К счастью, Луи Буйе, который еще не уехал из Руана в Париж, приезжает к нему в воскресенье в Круассе и поддерживает его в труде озаренного каторжника. Флобер читает ему то, что написал в течение недели. Вместе тщательно разбирают текст, строка за строкой. Впечатление Луи скорее благоприятное. После его отъезда Флобер будто немного воспрянул духом. Настоящую поддержку он находит и у Луизы. Она, кажется, со временем успокоилась. Он же не изменил своего взгляда на любовь, которую испытывает к ней. «За вас, которая любит меня, словно дерево ветер, – пишет он ей, – за вас, к кому в моем сердце живет глубокое и нежное чувство, волнующее и признательное, чувство, которое не умрет никогда; за тебя, дорогая женщина, которой я причинил столько горя, а мне хотелось бы дарить тебе только радость».[209] И еще: «Да, я люблю тебя, моя бедная Луиза. Мне хочется, чтобы твоя жизнь была светлой и легкой, усыпанной розами, радостной. Я люблю твое красивое, доброе, искреннее лицо, пожатие твоей руки, ощущение твоей кожи под моими губами. Если я суров с тобой, то, поверь, причина тому – печали, нервное напряжение и страшная апатия, которые мучат меня или целиком овладевают мною».[210]
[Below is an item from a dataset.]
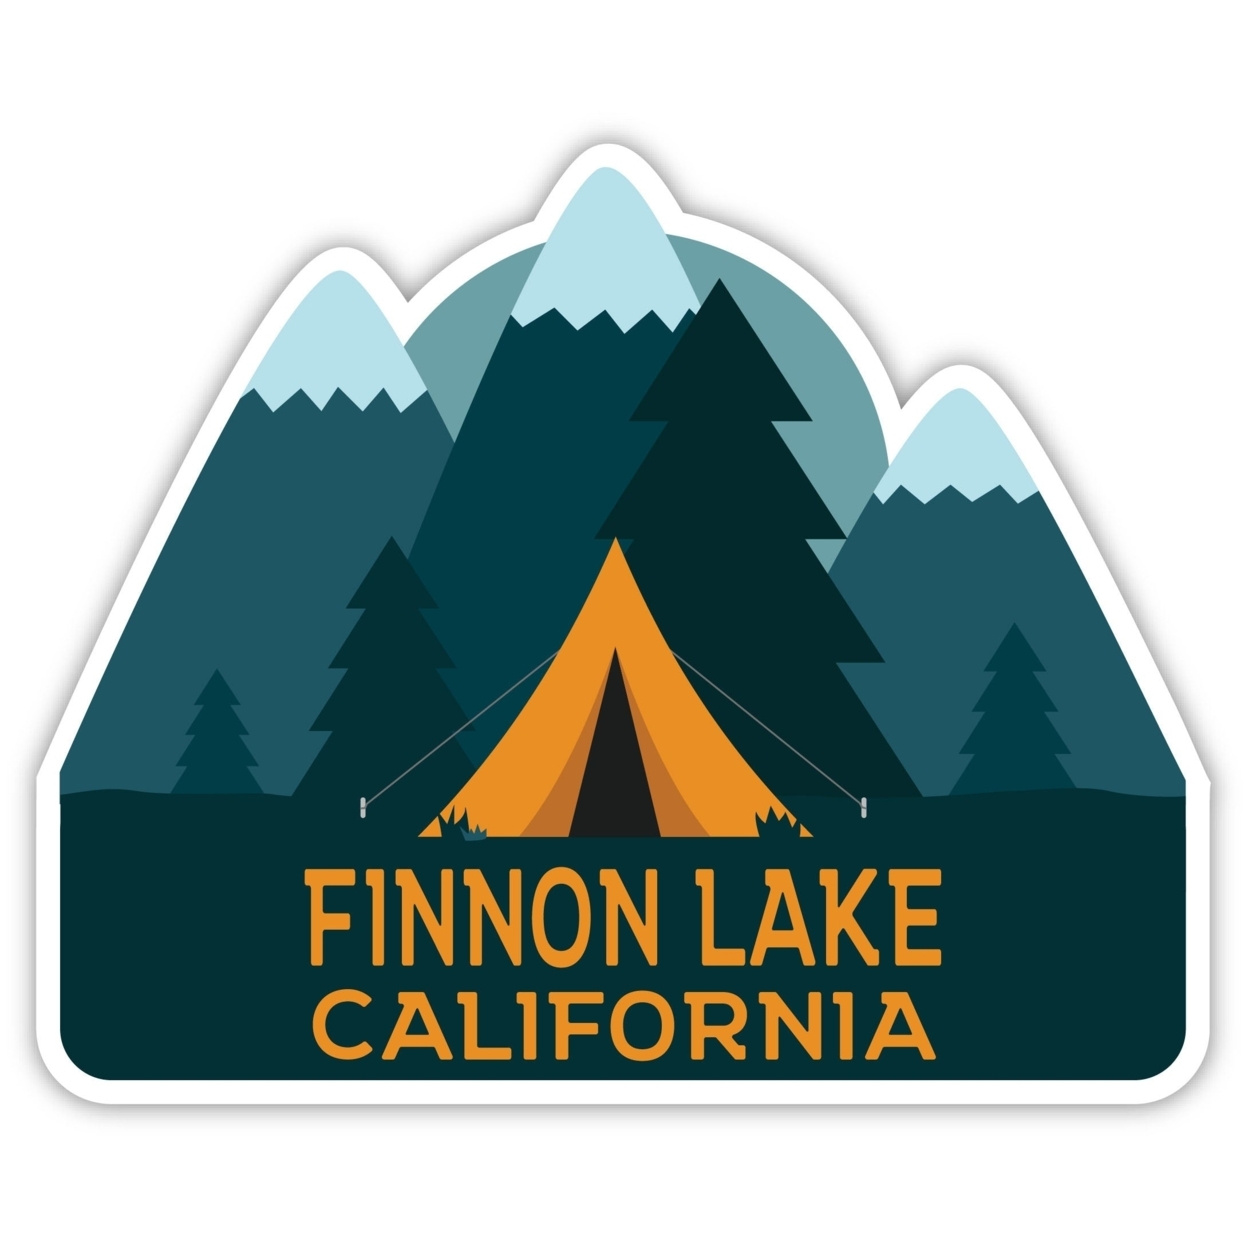 Finnon Lake California Souvenir Decorative Stickers (Choose Theme And Size) - Single Unit, 12-Inch, Tent

Когда он устает жить отшельником, он едет в Париж повидаться с ней; останавливается в отеле, занимается с ней любовью и уезжает, успокоившись. Год назад она стала вдовой и теперь еще более свободна в своем выборе. У нее, впрочем, есть другие любовники помимо Флобера, и она не скрывает этого. А он отнюдь не ревнует. Такая позиция позволяет, на его взгляд, избежать опасности стать собственником. Он находит удобной жизнь вдали и отдельно от Луизы. Случается даже, что он – противник мещанских условностей – посылает скромные подарки своей любовнице: пресс-папье, флакончик сандалового масла, египетское колечко… Вернувшись в свою дыру, он перебирает в памяти счастливые мгновения, которые пережил с ней, однако никогда не торопится повторить свой подвиг. Воспоминаний, которые живут в нем, достаточно для того, чтобы вдохновлять его несколько недель: «Восемь дней назад в этот час я уходил от тебя, сгорая от любви. Как бежит время! Да, мы были счастливы, моя дорогая, дорогая подруга, я обожаю тебя».[211]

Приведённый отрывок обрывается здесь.